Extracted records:

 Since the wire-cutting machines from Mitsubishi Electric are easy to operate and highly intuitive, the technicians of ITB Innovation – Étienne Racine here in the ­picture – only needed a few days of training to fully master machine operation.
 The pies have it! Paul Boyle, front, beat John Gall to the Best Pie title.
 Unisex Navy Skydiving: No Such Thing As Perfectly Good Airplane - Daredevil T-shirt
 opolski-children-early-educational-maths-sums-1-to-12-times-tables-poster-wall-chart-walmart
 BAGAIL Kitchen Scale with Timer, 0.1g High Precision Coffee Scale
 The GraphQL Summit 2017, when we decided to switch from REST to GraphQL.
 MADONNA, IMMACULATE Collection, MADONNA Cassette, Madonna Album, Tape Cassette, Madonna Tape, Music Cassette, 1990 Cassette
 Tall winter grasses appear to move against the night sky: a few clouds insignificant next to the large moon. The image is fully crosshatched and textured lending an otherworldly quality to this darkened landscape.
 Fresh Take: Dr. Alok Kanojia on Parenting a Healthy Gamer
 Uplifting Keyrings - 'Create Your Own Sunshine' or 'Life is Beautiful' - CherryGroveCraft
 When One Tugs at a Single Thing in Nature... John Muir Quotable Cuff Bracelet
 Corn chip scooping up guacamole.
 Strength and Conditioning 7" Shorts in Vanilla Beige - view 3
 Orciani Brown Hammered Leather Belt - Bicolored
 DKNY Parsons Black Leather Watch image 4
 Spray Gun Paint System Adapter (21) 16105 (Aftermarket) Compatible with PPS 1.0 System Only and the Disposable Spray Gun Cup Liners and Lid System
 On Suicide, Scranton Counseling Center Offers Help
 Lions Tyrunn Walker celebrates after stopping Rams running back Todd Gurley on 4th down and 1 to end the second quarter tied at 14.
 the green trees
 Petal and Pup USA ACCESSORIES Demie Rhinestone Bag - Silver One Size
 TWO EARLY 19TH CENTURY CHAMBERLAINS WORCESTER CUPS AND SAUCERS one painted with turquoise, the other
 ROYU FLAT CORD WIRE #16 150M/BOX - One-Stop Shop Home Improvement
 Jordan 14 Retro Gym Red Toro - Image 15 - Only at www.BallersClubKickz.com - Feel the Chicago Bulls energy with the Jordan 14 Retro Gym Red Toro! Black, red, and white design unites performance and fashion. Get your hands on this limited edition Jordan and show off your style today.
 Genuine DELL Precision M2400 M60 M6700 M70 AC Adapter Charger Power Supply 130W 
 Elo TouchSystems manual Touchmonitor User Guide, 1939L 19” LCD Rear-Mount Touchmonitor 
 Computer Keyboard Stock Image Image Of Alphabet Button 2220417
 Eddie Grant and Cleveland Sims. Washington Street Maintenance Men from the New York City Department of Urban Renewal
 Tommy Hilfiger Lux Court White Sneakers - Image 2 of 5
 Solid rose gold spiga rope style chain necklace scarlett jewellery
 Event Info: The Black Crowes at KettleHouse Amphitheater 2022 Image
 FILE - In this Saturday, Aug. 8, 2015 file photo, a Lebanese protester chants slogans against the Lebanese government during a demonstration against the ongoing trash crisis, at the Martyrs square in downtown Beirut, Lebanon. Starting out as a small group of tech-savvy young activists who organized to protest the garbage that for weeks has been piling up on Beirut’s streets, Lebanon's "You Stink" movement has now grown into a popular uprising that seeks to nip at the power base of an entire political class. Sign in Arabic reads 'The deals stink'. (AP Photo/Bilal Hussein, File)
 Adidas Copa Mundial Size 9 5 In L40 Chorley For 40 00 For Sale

Your objective
Your reply should be a single number: the count of lines above that contain the word "Precision".

Problem solution
2